Thanks much. Ex 9.16 was quite helpful. Unfortunately, as always happens, I'm trying to do a combination of all of the different types of analyses. What I'd like to estimate is a LCGM for a ZIP outcome predicted by, in addition to the random intercept and slope and quadratic terms, a time varying covariate in the widetolong framework. Example 9.16 is helpful for the widetolong analysis of a continuous outcome in a non-mixture framework. Example 9.17 is useful for a multilevel analysis of a ZIP outcome but using the wide format instead of long. Example 10.4,5 are useful for a LCGM for continuous and varying types of outcomes in the wide format.
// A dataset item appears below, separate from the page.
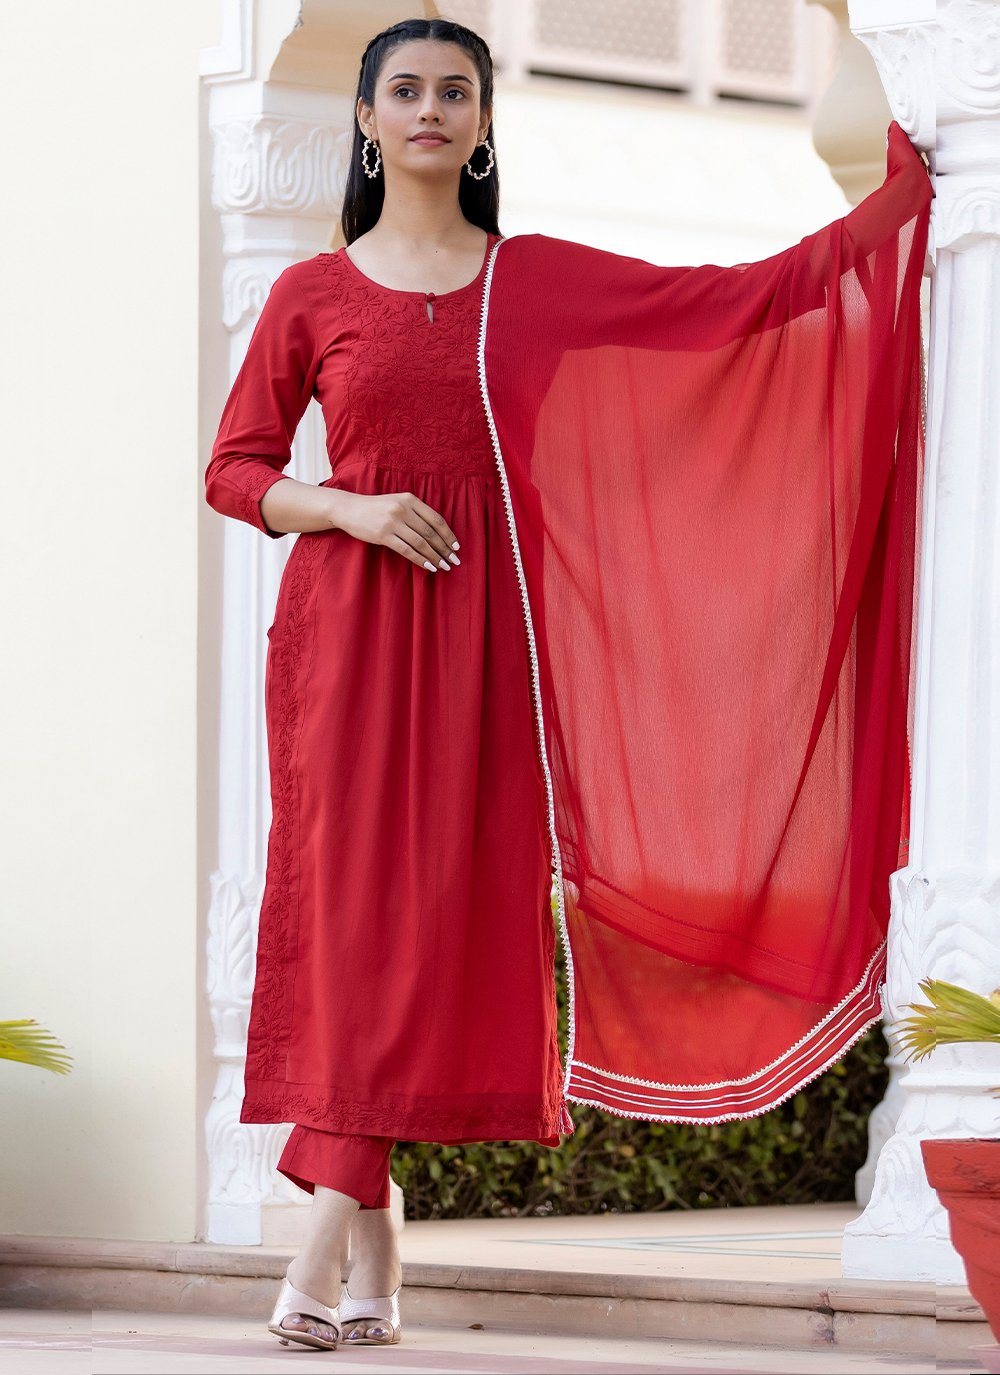 Dazzling Light Red Color Heavy Georgette With Embroidered Neck Salwar Suit  | Designer dresses indian, Stylish dresses, Indian designer outfits

I attach in the following post an attempt at some Mplus code to try and implement the LCGM for a ZIP outcome in a long format dataset. Any comments/suggestions you might have would be greatly appreciated. Thanks so much again,

Jason

Jason Bond posted on Monday, August 21, 2006 - 11:30 am

DATA:
FILE IS "I:\MyFiles\Trajectories\AA-Tx-Careers\ZIP\AA-TX-traj.dat";

Data Widetolong:
Wide = aacapt1 aacapt2 aacapt3 aacapt4 aacapt5 |
rqtrtmt1 qtrtmnt2 qtrtmnt3 qtrtmnt4 qtrtmnt5 |
time1 time2 time3 time4 time5;

Long = aacap | qtrtmnt | time;
IDvariable = id;
Repitition = time;

VARIABLE:
NAMES = id
aacapt1 aacapt2 aacapt3 aacapt4 aacapt5
rqtrtmt1 qtrtmnt2 qtrtmnt3 qtrtmnt4 qtrtmnt5
time1 time2 time3 time4 time5;

USEVARIABLES ARE id time aacap qtrtmnt;
Count = aacapt1-aacapt5 (i);
!(SHOULD THIS BE INSTEAD STATED AS:
!COUNT = AACAP (I); ?)
Cluster = id;
Within = time qtrtmnt;
Classes = C(2);
MISSING ARE ALL (-9);
IDvariable = id;

ANALYSIS:
TYPE = Twolevel Mixture Missing;
STARTS = 10 5;
ESTIMATOR = MLF;
!(I IMAGINE THIS WILL REQUIRE INTEGRATION)

MODEL:
%WITHIN%
%OVERALL%
s q | aacap on time;
si qi | aacap on time;

%c#1%
aacapt on qtrtmt;

%BETWEEN%
%OVERALL%
s q | aacap on time;
si qi | aacap on time;

%c#1%
aacapt on qtrtmt;

OUTPUT: TECH1 TECH8;

Linda K. Muthen posted on Monday, August 21, 2006 - 3:55 pm

Looking at an input to determine if you are specifying a model in a particular way is difficult. My suggestion is to run the input and see if you get what you expect in the model results. If you don't, then I would send the input, data, output, license number and a description of which parameters you are not obtaining to support@statmodel.com.

Bengt O. Muthen posted on Monday, August 21, 2006 - 3:58 pm

A quick look at this says that you should try it with

!COUNT = AACAP (I); ?)

Also, in the MODEL paragraph, you want to have the regression

%c#1%
aacapt on qtrtmt;

in the %Overall% part also.

Mplus will tell you that you need integration.

If you get stuck on this, the quickest solution is to send all materials to support@statmodel.com.

One more important thing - note that the mixture option refers to a latent class variable that varies across units on the Within level; it is not a between-level variable. - When you do the growth as twolevel, you have person on the between level. Typically, persons, not time have mixtures. See the twolevel mixture examples.